Edit: @BlaRo except it doesn't get that kind of mileage. The mileage it gets when being powered by its engine is 33-35mpg. A Prius again does much better for a lot less money. So again, your rebuttal fails to address the marketing failure of this car. It's overpriced and it won't be able to compete with the plug-in Prius, if that car ends up having a 26 mile range (the current prototype has a 12 mile range). The other half of the marketing failure was that everything leading up to the launch of this car was distorted half-truths, because it is a hybrid (possessing a planetary gear that directly connects to the drive wheels) after all.

If you're saying that the Prius will get "much better" mileage than 33-35 while going 70, I think you're wrong.
 
If you're saying that the Prius will get "much better" mileage than 33-35 while going 70, I think you're wrong.

My non-hybrid petrol estate can beat 33-35mpg at 70mph. Neither the Volt nor the Prius are built for highway mileeating.
 
http://blogs.motortrend.com/6719595/green/127-mpg-this-volt-story-must-be-told/index.html

Before everyone starts bitching about it not getting 240mpg I'd like to state one thing:

It gets 127 fucking mpg in real life driving. That in itself is an achievement.
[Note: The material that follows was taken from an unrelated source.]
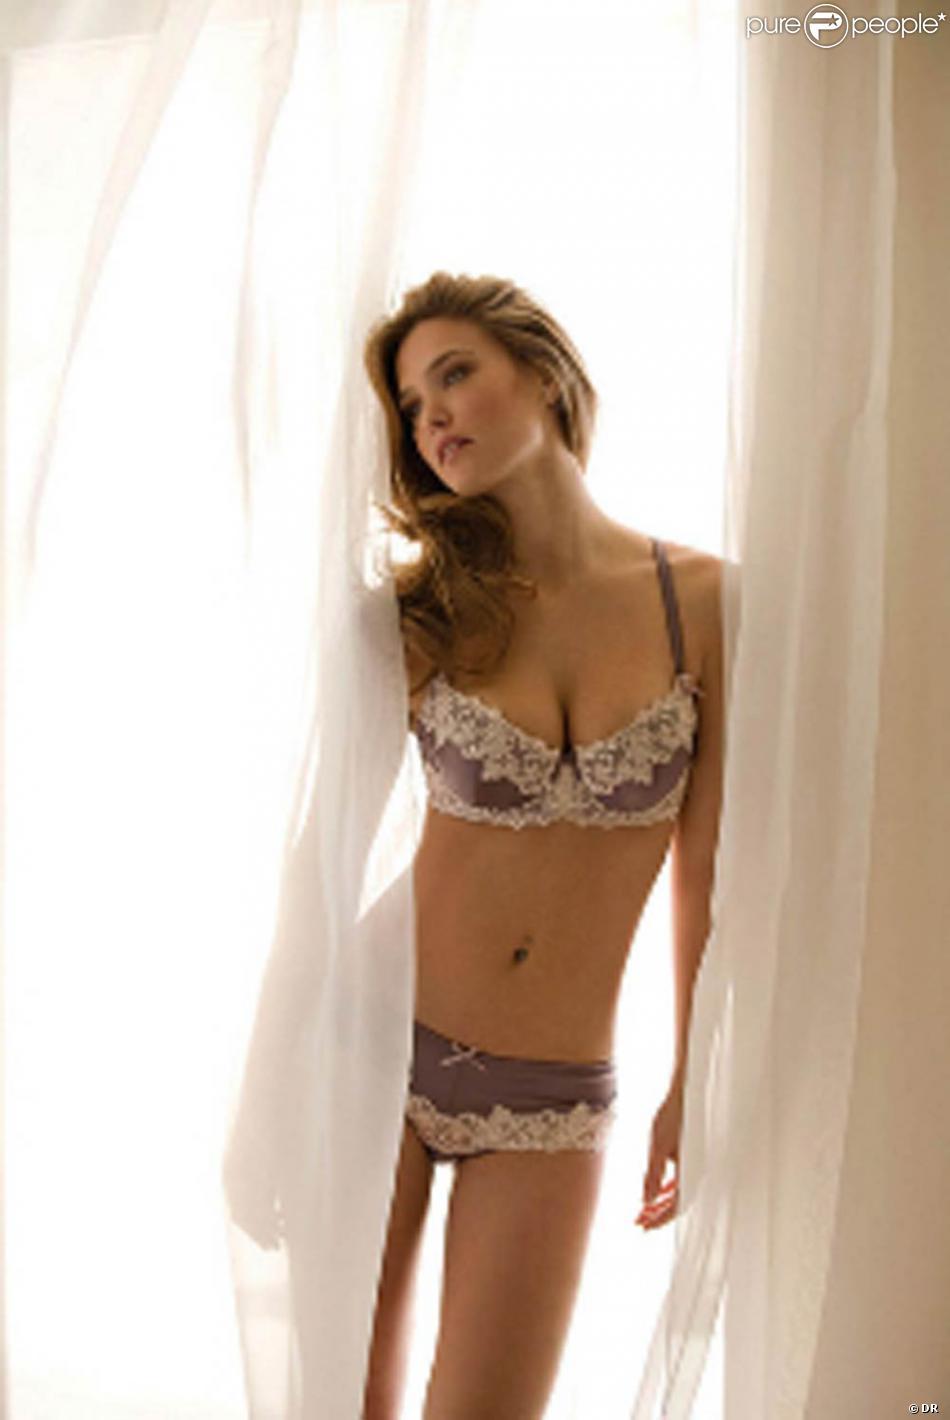 bb7fc5a37 La superbe Bar Refaeli pour la marque de lingerie Bonita de Mas ...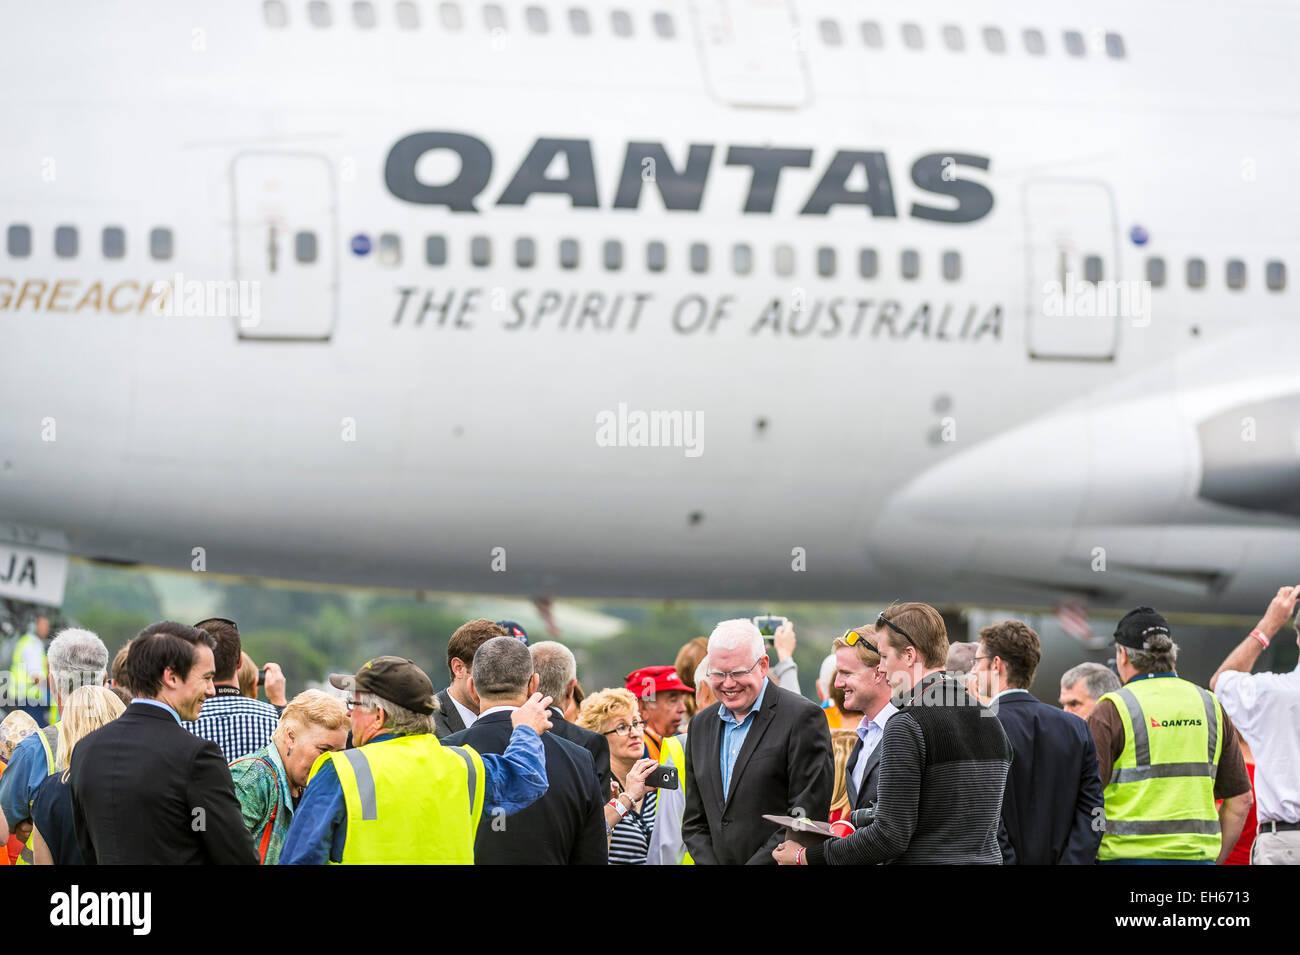 Sydney, Australie. 8 mars, 2015. Qantas a pris sa retraite de son premier Boeing 747-400, VH-oja, qui a volé Photo Stock

You can't measure it that way. If you drove longer, it would drop exponentially. If you drove less, it would increase to infinity, or use no gas at all. But the power still came from somewhere, it had to be charged ahead of time. So the cost per mile figures are what's important here, and I believe they are quite good if not as radical.
 
Who cares how it works, it gets better mpg's, is faster, and is arguably better looking than the Prius. Never having to fill it if you have a short commute is just a bonus. I'm sure that will mean more than enough to the few people who do buy it.
 
So what would happen to the guy who buys a Volt with some gas in the tank, but has a commute so short only the battery ever get's used, and the fuel just sits there for months until one day the engine kicks in on a long drive. Wouldn't this be a problem? An extremely hypothetical situation I know, but possible.
 
So what would happen to the guy who buys a Volt with some gas in the tank, but has a commute so short only the battery ever get's used, and the fuel just sits there for months until one day the engine kicks in on a long drive. Wouldn't this be a problem? An extremely hypothetical situation I know, but possible.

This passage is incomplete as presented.